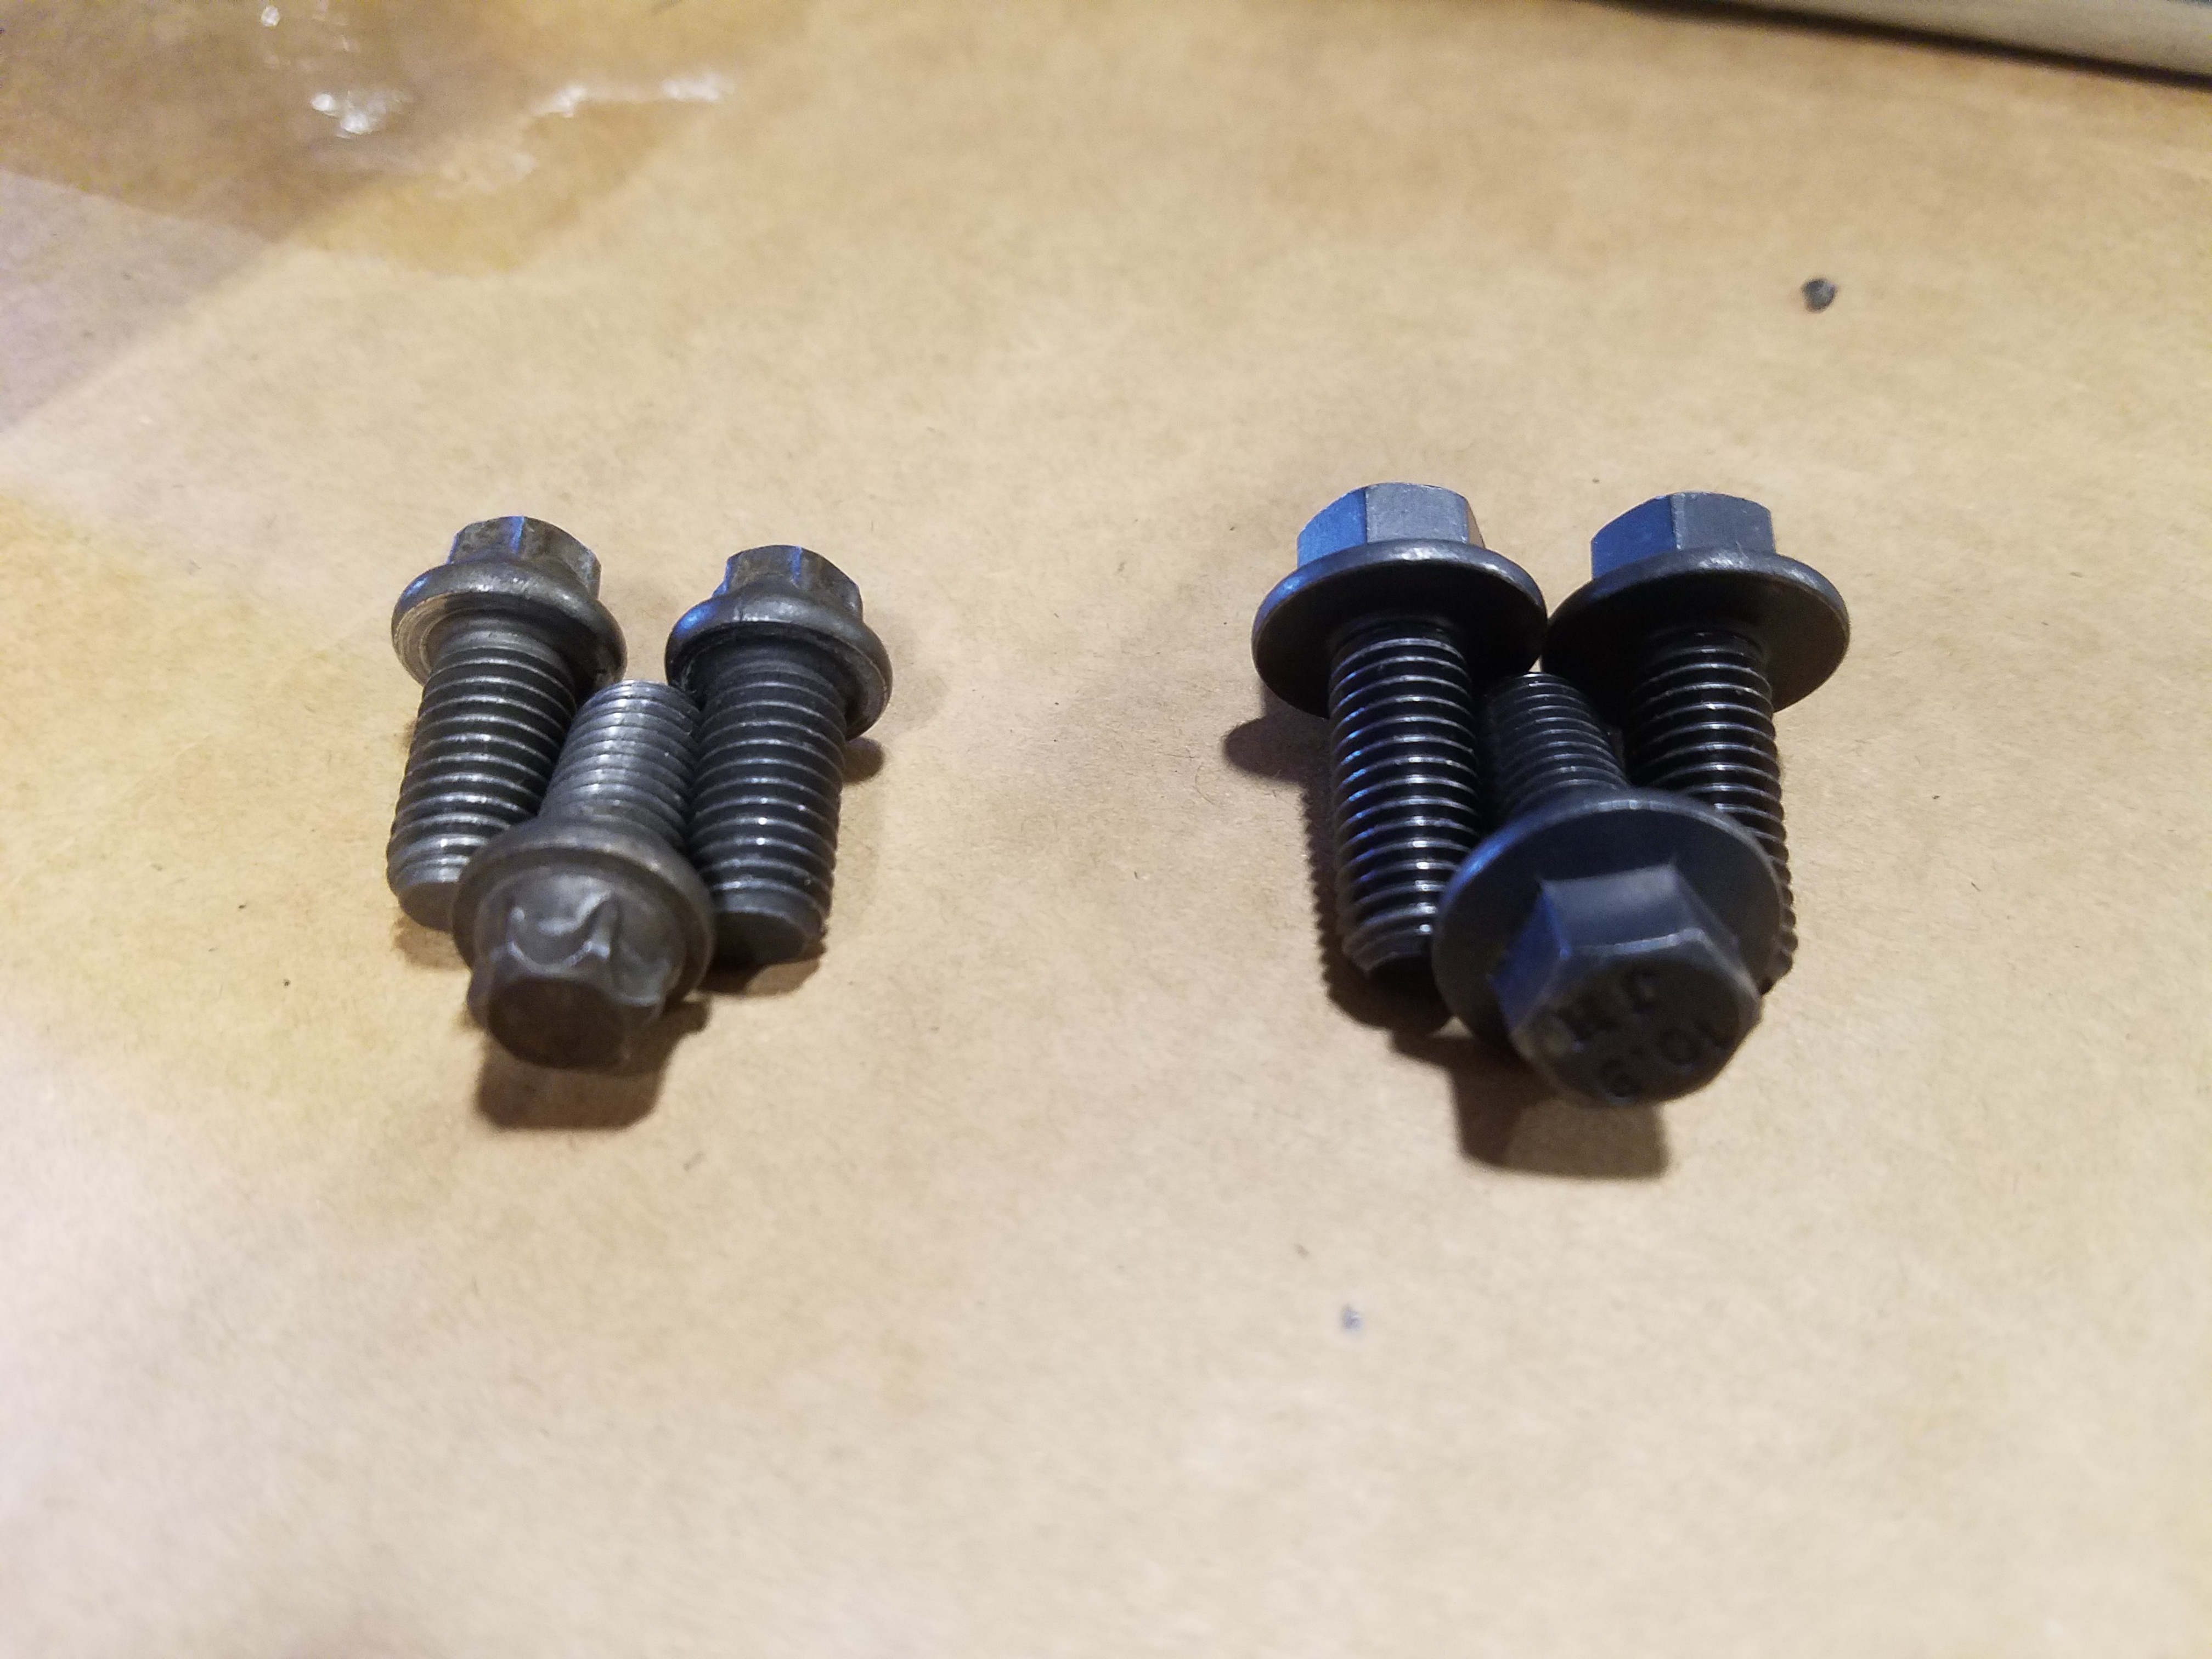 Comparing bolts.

* * * * * * *

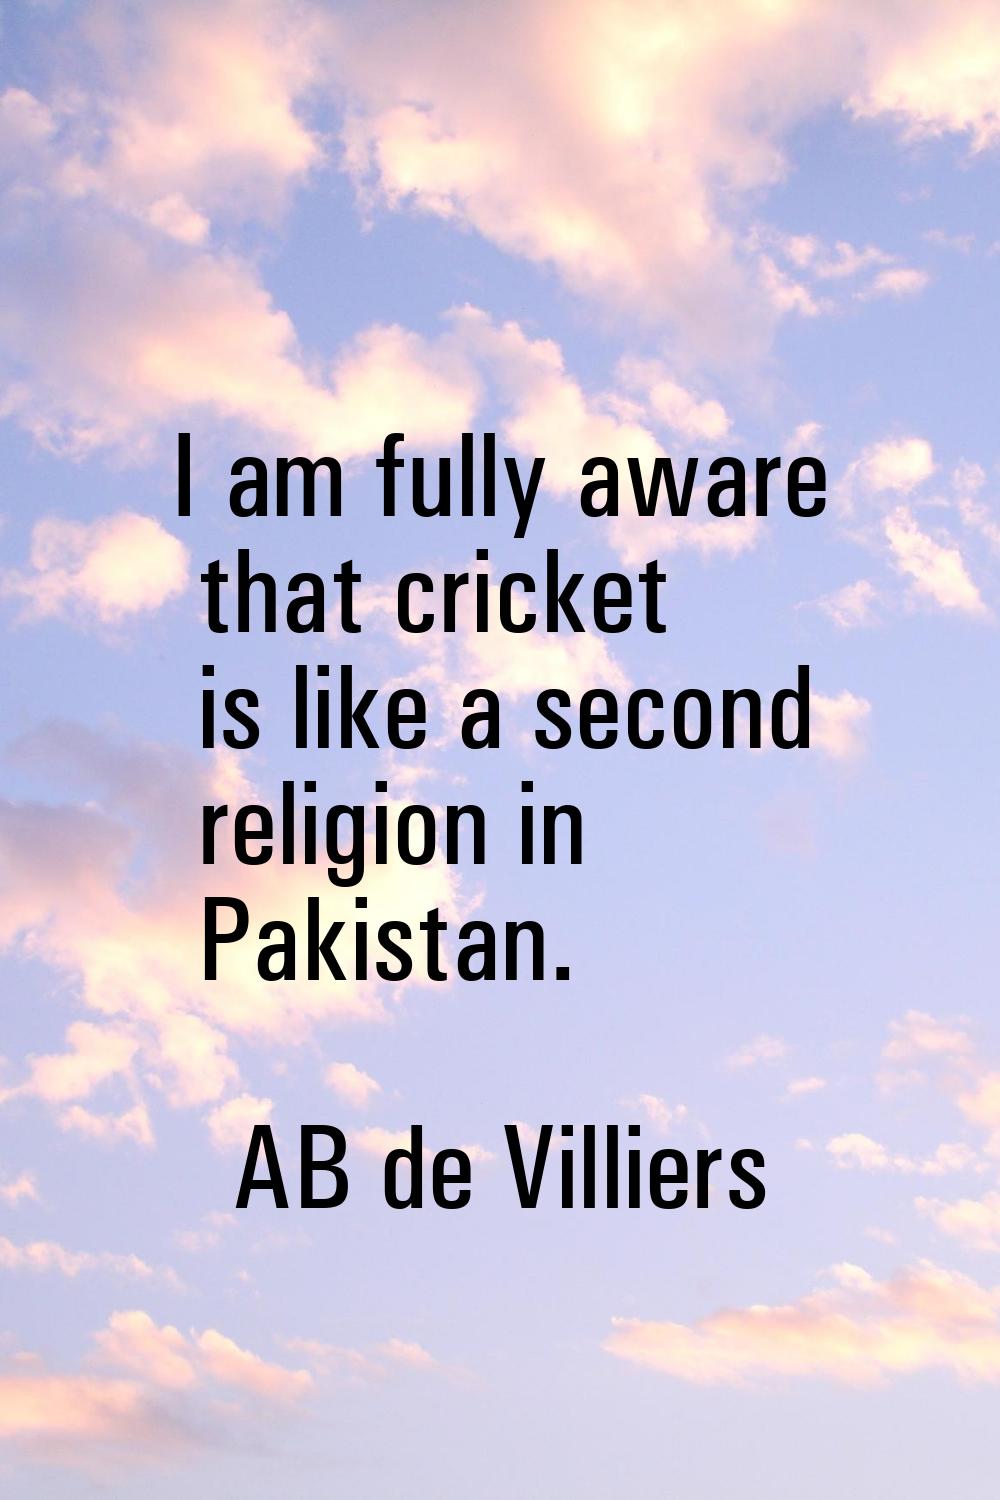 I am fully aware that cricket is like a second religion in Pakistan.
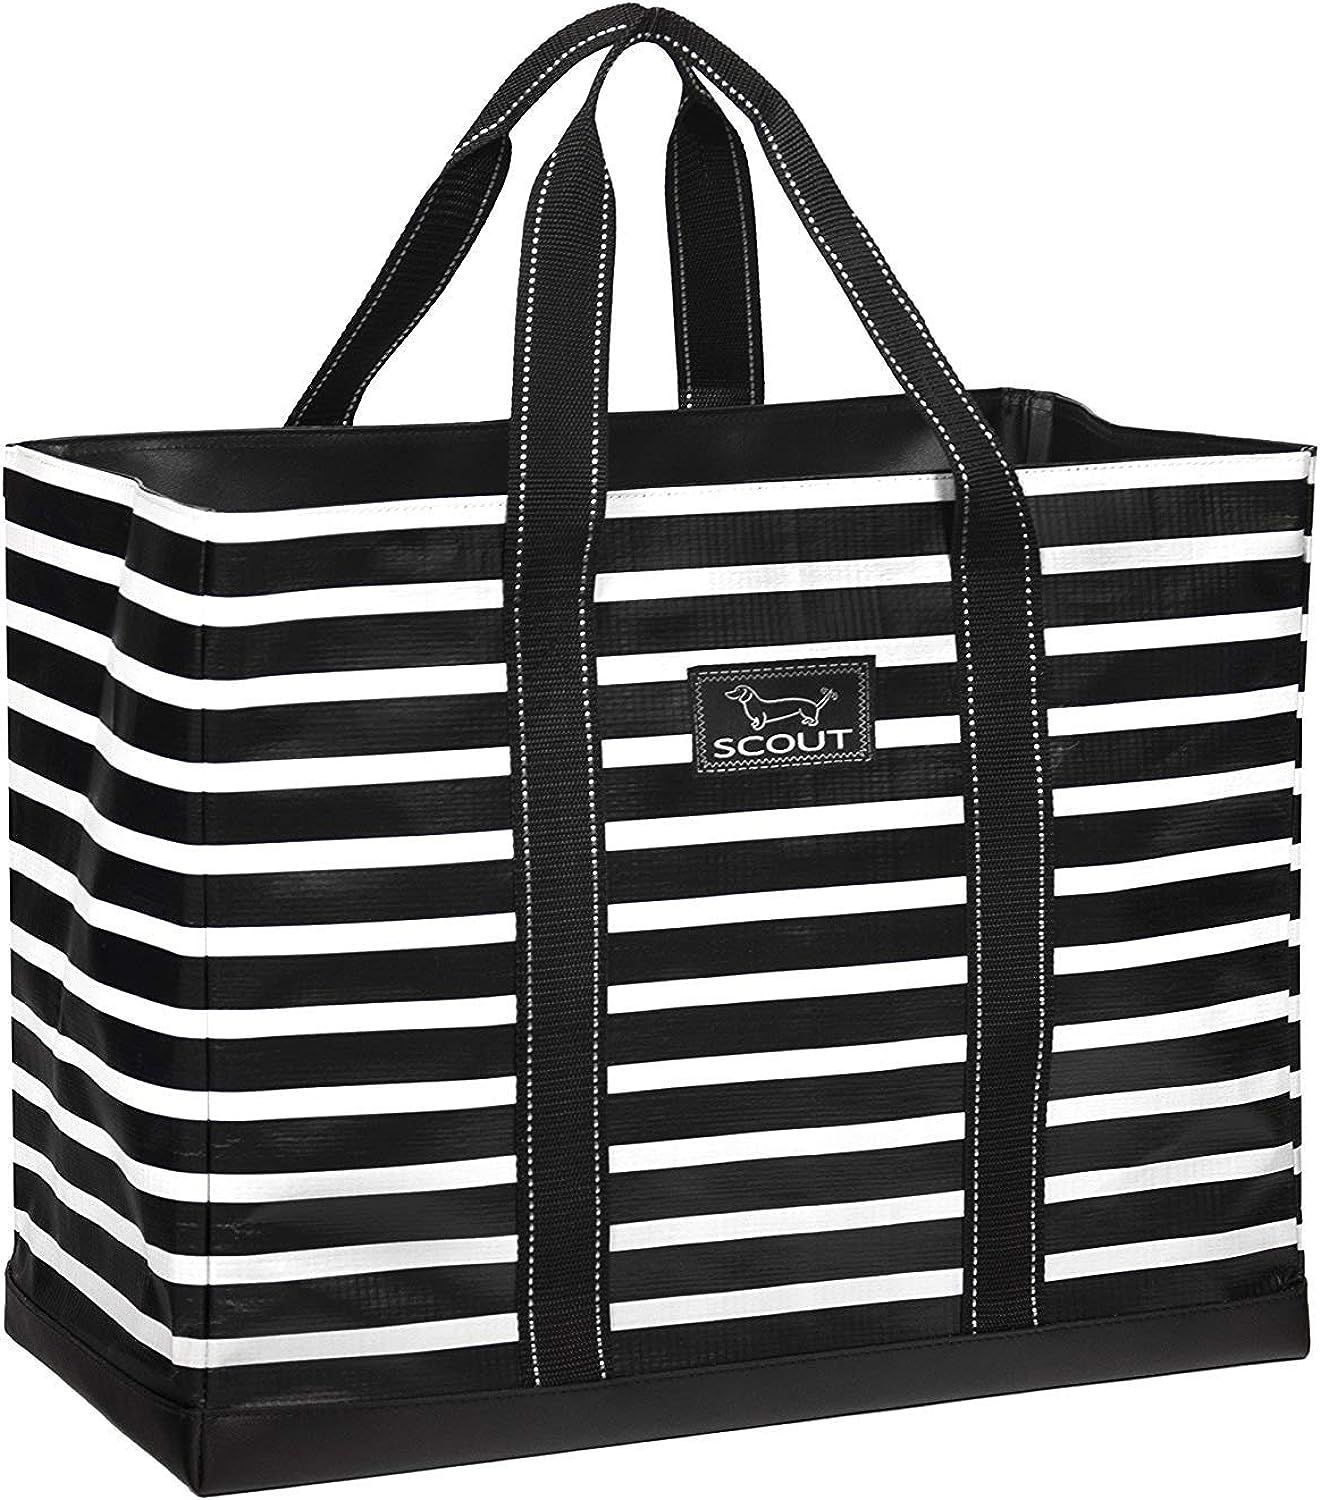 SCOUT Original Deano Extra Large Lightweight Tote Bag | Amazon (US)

* * * * * * *

▸ **Directions**
Using the data above, which lines fall from the one with "I am fully aware" through the one with "SCOUT Original Deano"? Repeat them exactly, ends included, minus any pictures.

▸ **Written response**
 I am fully aware that cricket is like a second religion in Pakistan.
 SCOUT Original Deano Extra Large Lightweight Tote Bag | Amazon (US)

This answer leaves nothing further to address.